After Upgrading our main MT Router to v3.6 some mangle rules that existed in 2.9.51 cannot be installed to v3.6.

Our network gateway router has two wan Ethernet interfaces and a lan interface. All internet data from the lan is masqueraded to the default routes (wan1 wan2) but wan2 gateway route requires a routing mark.

Routing marks are simply added by mangle rules that match to IP addresses from LAN
However since wan2 will only route data to the internet that has a packet mark the router itself cannot respond to ping requests etc from the internet from wan2 (the reply from the MT will not go out through wan2 because the reply packets lack routing marks)

In 2.9.51 you could have a mangle rule: which would catch all data destined to go out wan2 and ensure it had the correct routing mark to be routed out the wan2 gateway. With this enabled in v2.9.51 the router could respond to requests perfectly on wan2.

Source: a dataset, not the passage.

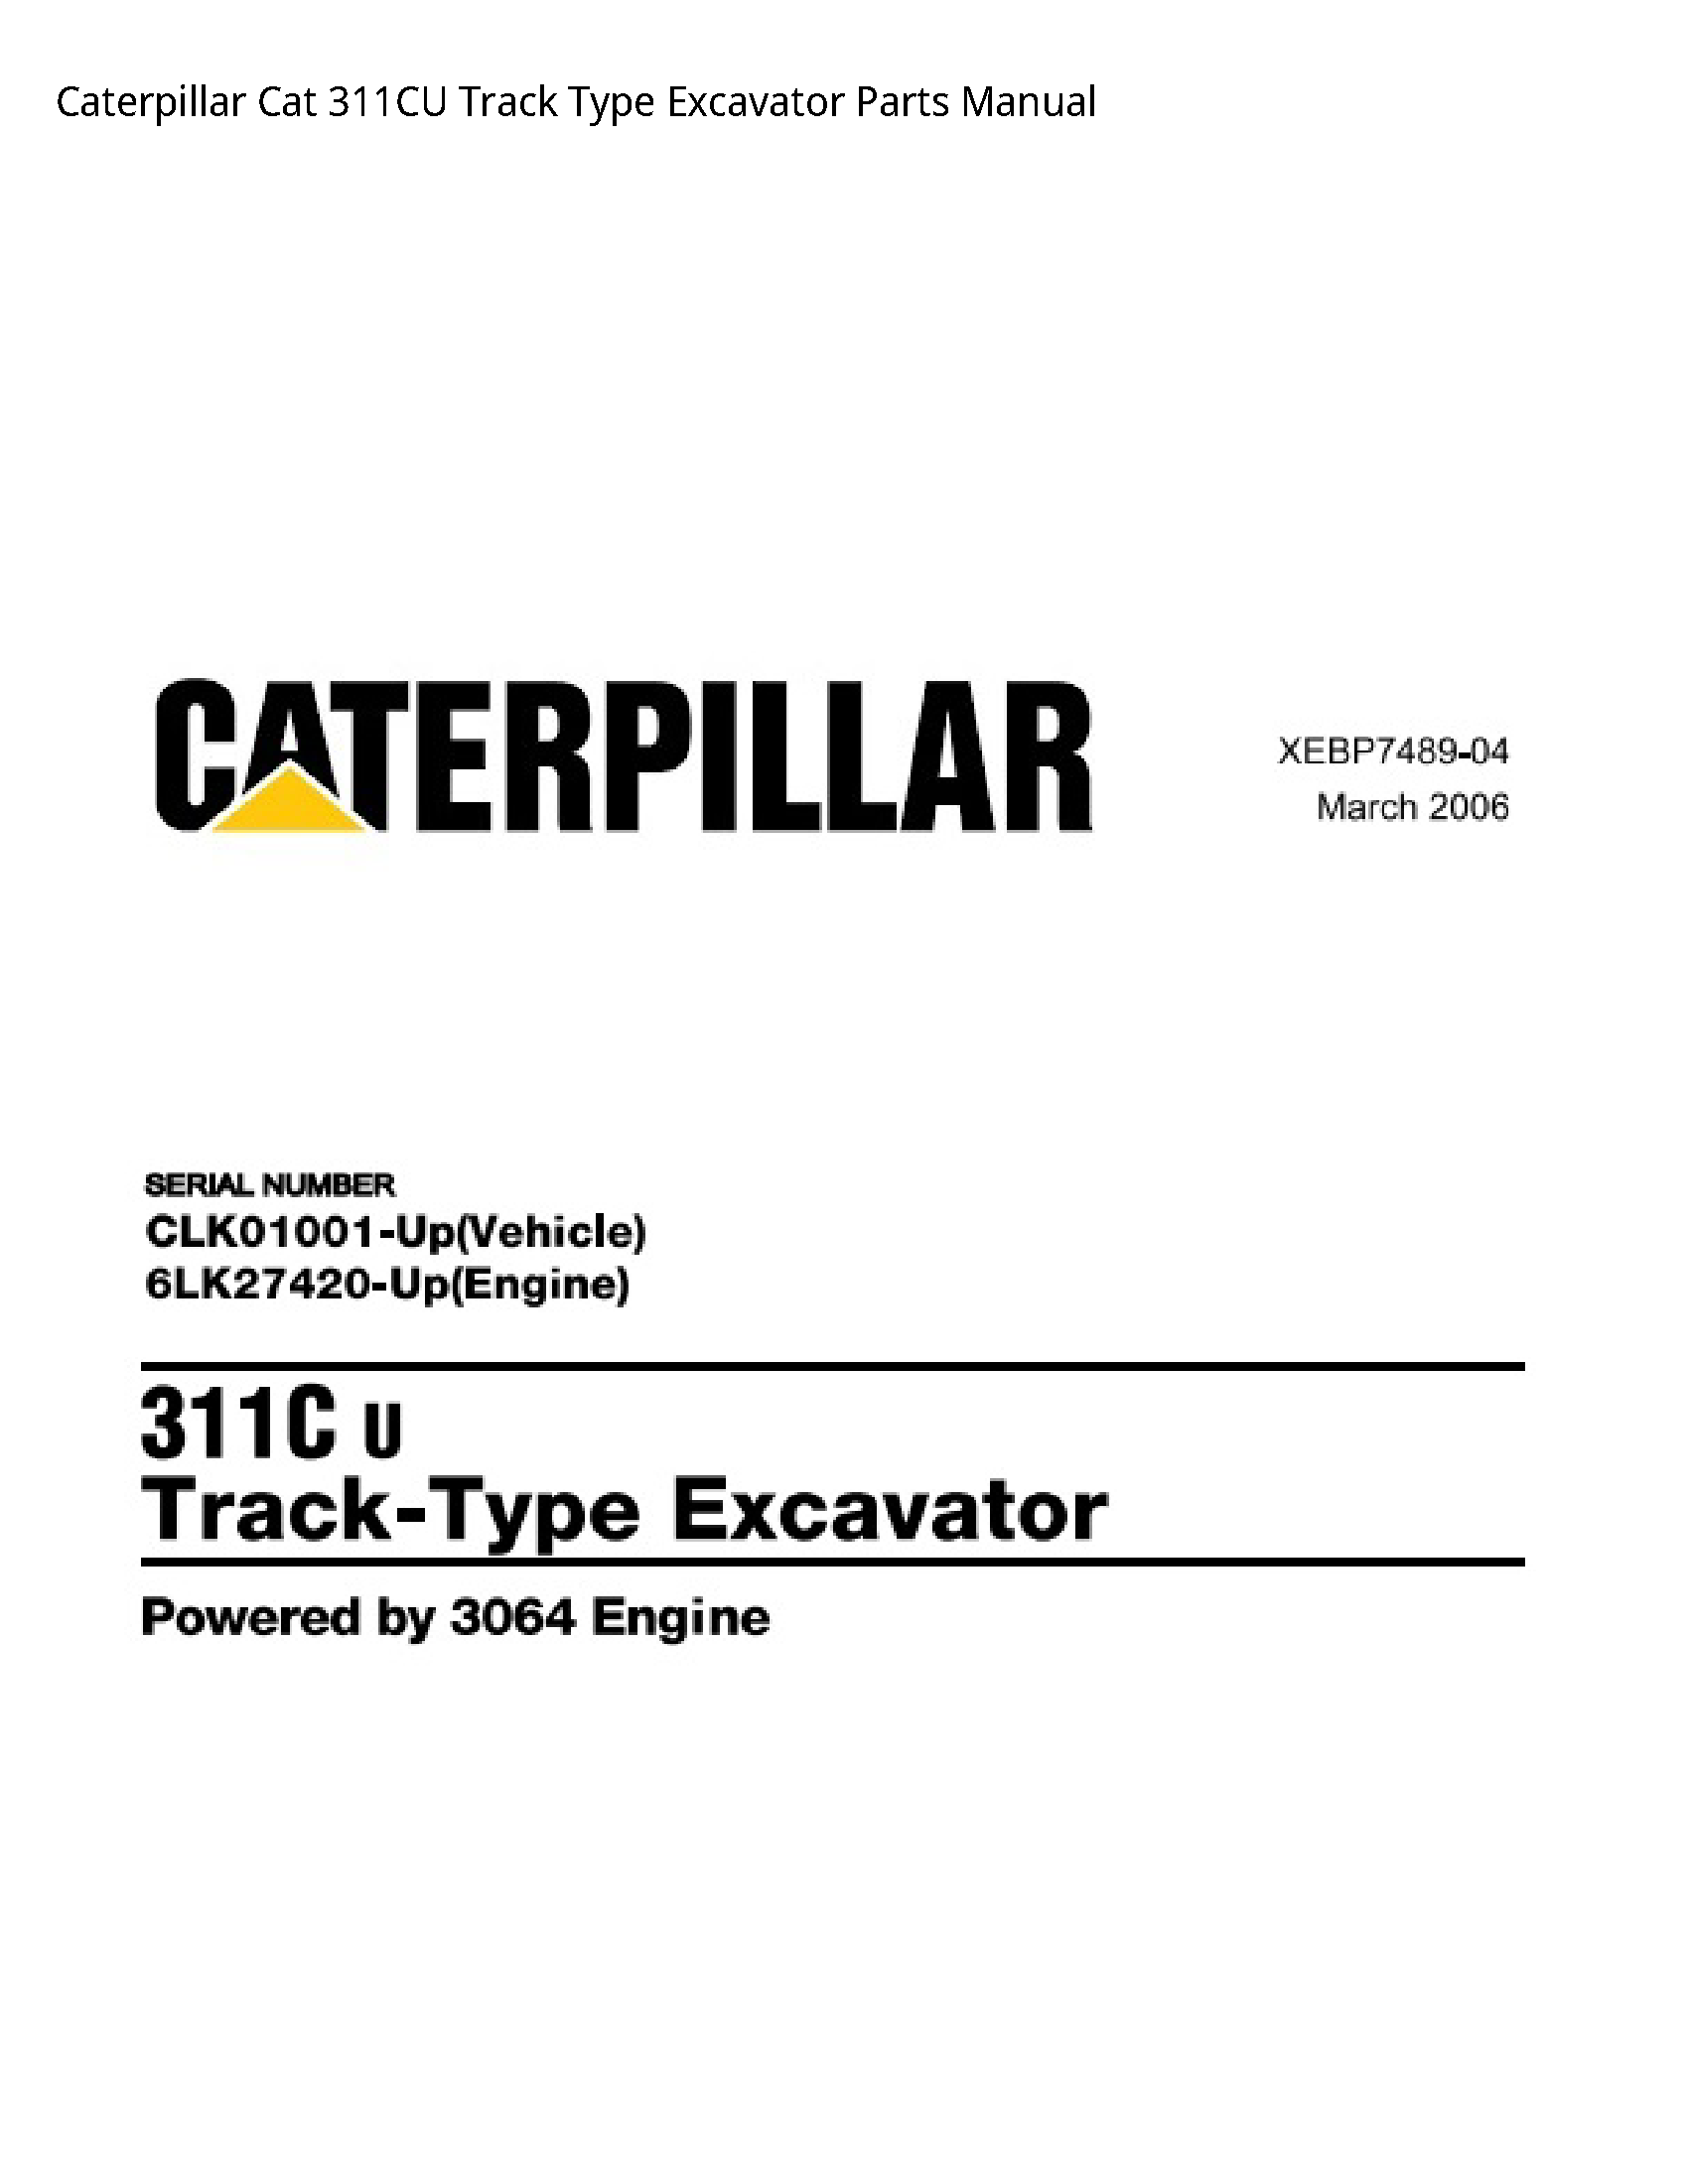 Caterpillar 311CU Cat Track Type Excavator Parts manual

when upgrading to 3.6 all existing mangle rules (in fact all other settings) were imported etc but the above mangle rule from 2.9.51 was missing. So I tried to enter it manually to the newly upgraded 3.6 and... Is this a bug? or is it now by v3 design that we can no longer catch outgoing interfaces and apply routing marks so that they leave (routed) through the correct Ethernet interface.

I have tried many different workarounds in the last 24hrs, including other mangle rules to mark packets followed by another mangle rule to get those marked packets and mark the routing on them. So far no success.

Any ideas?

In v3.x routing marks are valid only in prerouting and output chains.

Do the same but on output chain this should help, i do mark-routing on output chain and set a src-address filter to the public ip MT has, and then when you ping that MT from the world it responds, however this rule doesn't make MT to use this routing mark to get outside (ie when you do ping yahoo.com from wibox this rule won't make him use this route)

B/R
Michal

Ok, Many thanks for your suggestion. I have come to this configuration that seems to work. So here I am marking all connections that come in from WAN2, then checking all outbound packets for this connection mark. If it has this connection mark then the rule below will add the correct WAN2 routing mark.

Your welcome

Ok, this just wont work. Version 3 will not let you add a routing mark that go out a particular interface. Its simply broken.

We have rolled back to 2.9.51 (again) because you CAN add route marks prior to leaving on a particular interface in that version.

When will this be fixed fo v3? no workarounds have a 100% success in this.

once a packet has determined and out-interface its too late to change that with a routing mark.

once a packet has determined and out-interface its too late to change that with a routing mark.

So it seems with V3.

Same in 2.8 and in 2.9! if you place packet mark rules in other chains it can be used only for furder matching in other chains - so basically it was useless, and it was not working.